**Your objective**
Your output should be the lines below from the one holding "Set de cuchillos" through the one holding "Vogue.com Logo - Vogue", transcribed exactly, with no pictures.

**Data supplied**
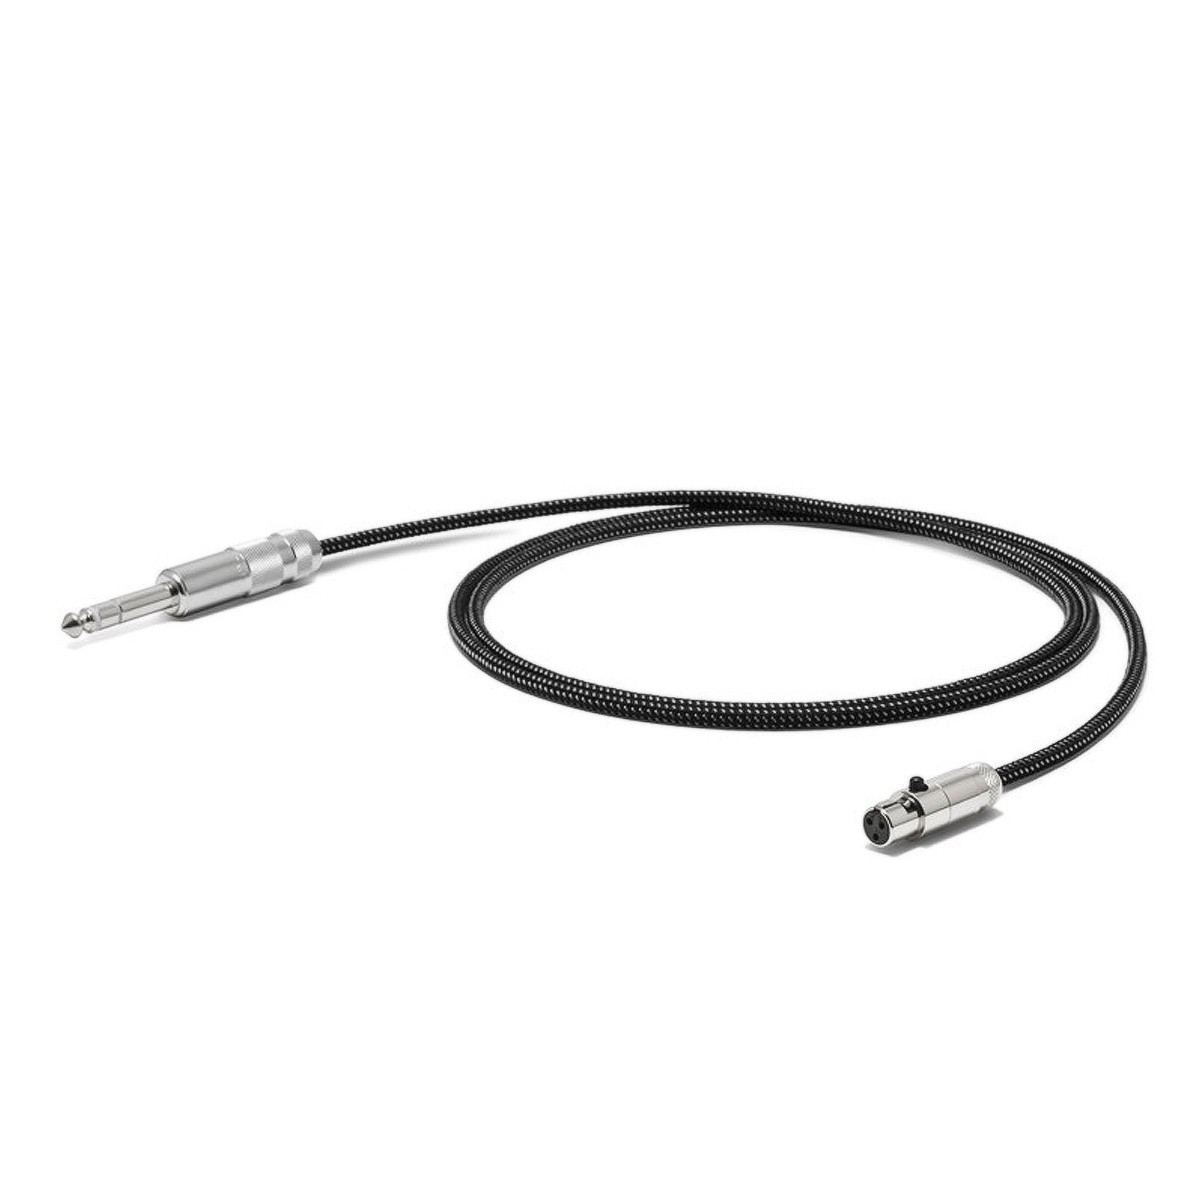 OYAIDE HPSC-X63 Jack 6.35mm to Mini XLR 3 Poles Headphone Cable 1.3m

==

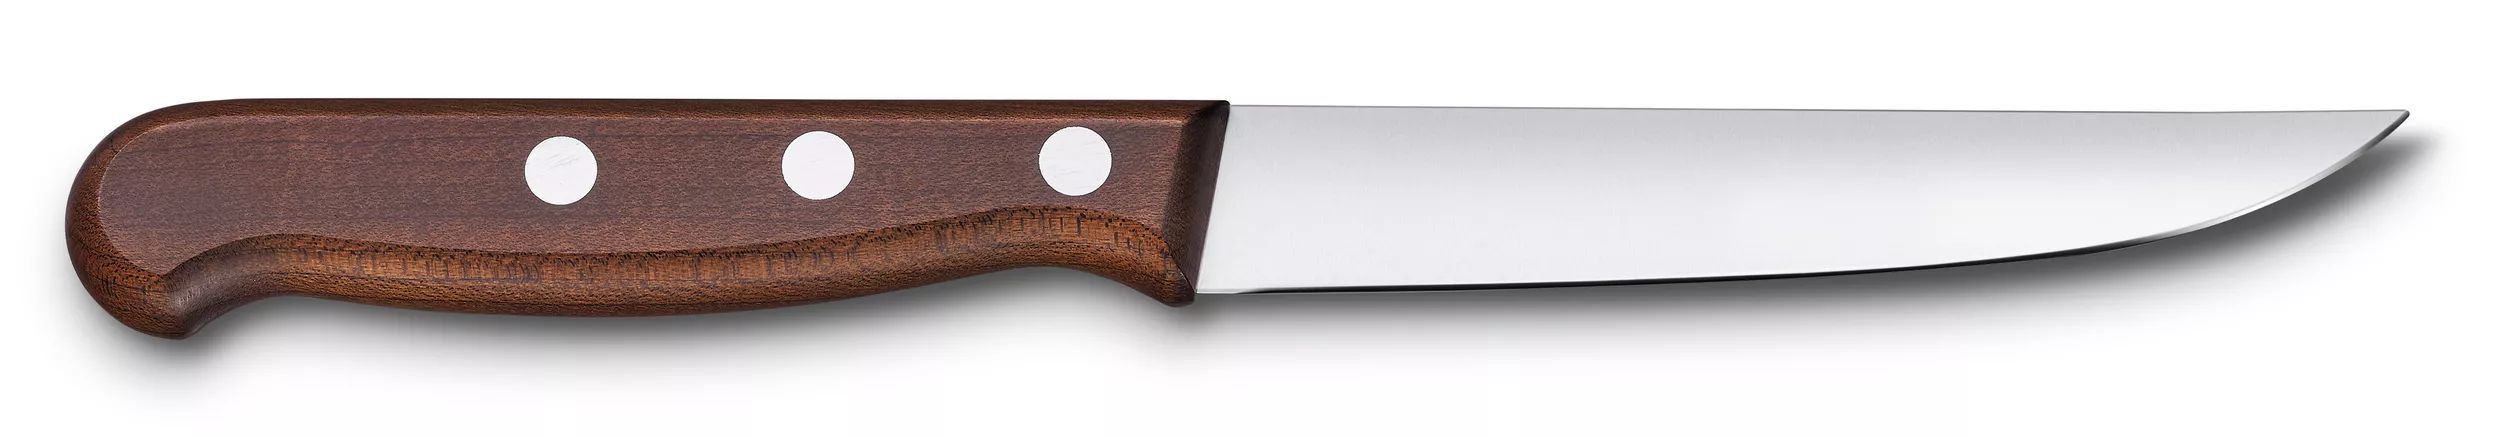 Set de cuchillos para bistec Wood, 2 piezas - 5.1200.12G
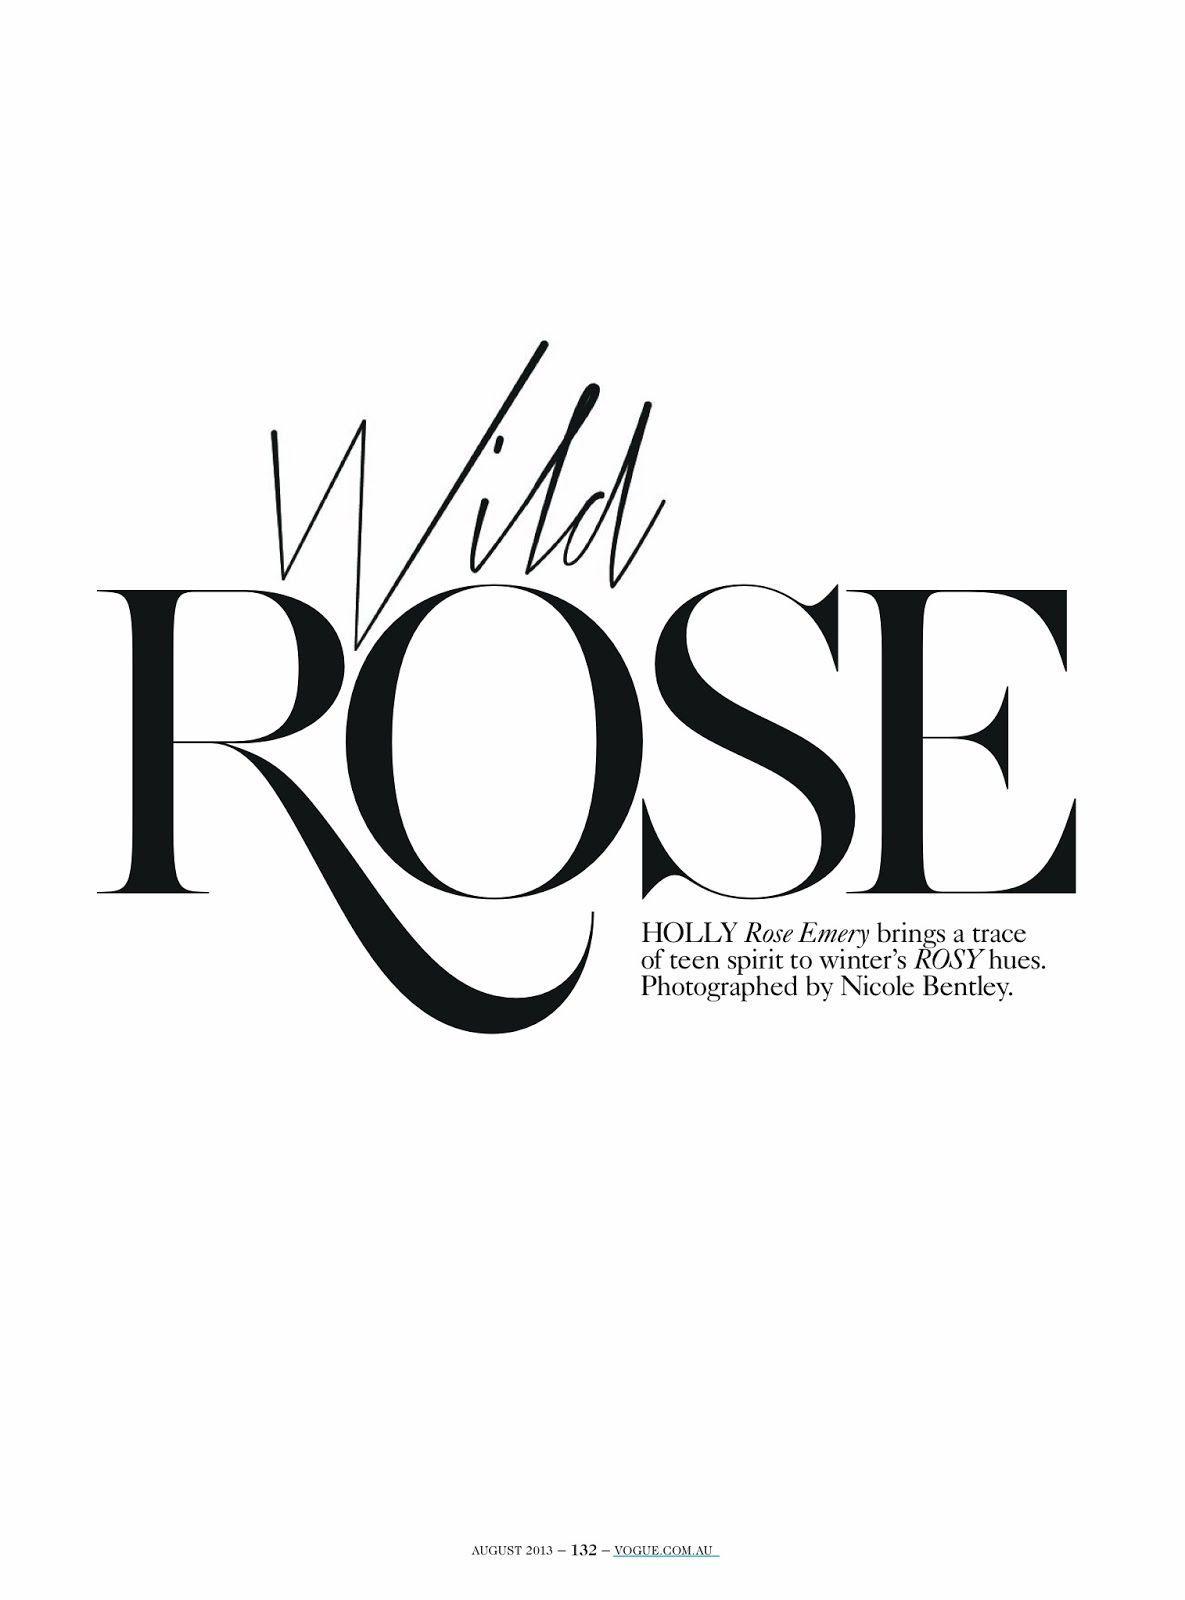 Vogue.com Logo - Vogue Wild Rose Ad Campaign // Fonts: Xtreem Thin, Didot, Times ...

**Answer space**
 Set de cuchillos para bistec Wood, 2 piezas - 5.1200.12G
 Vogue.com Logo - Vogue Wild Rose Ad Campaign // Fonts: Xtreem Thin, Didot, Times ...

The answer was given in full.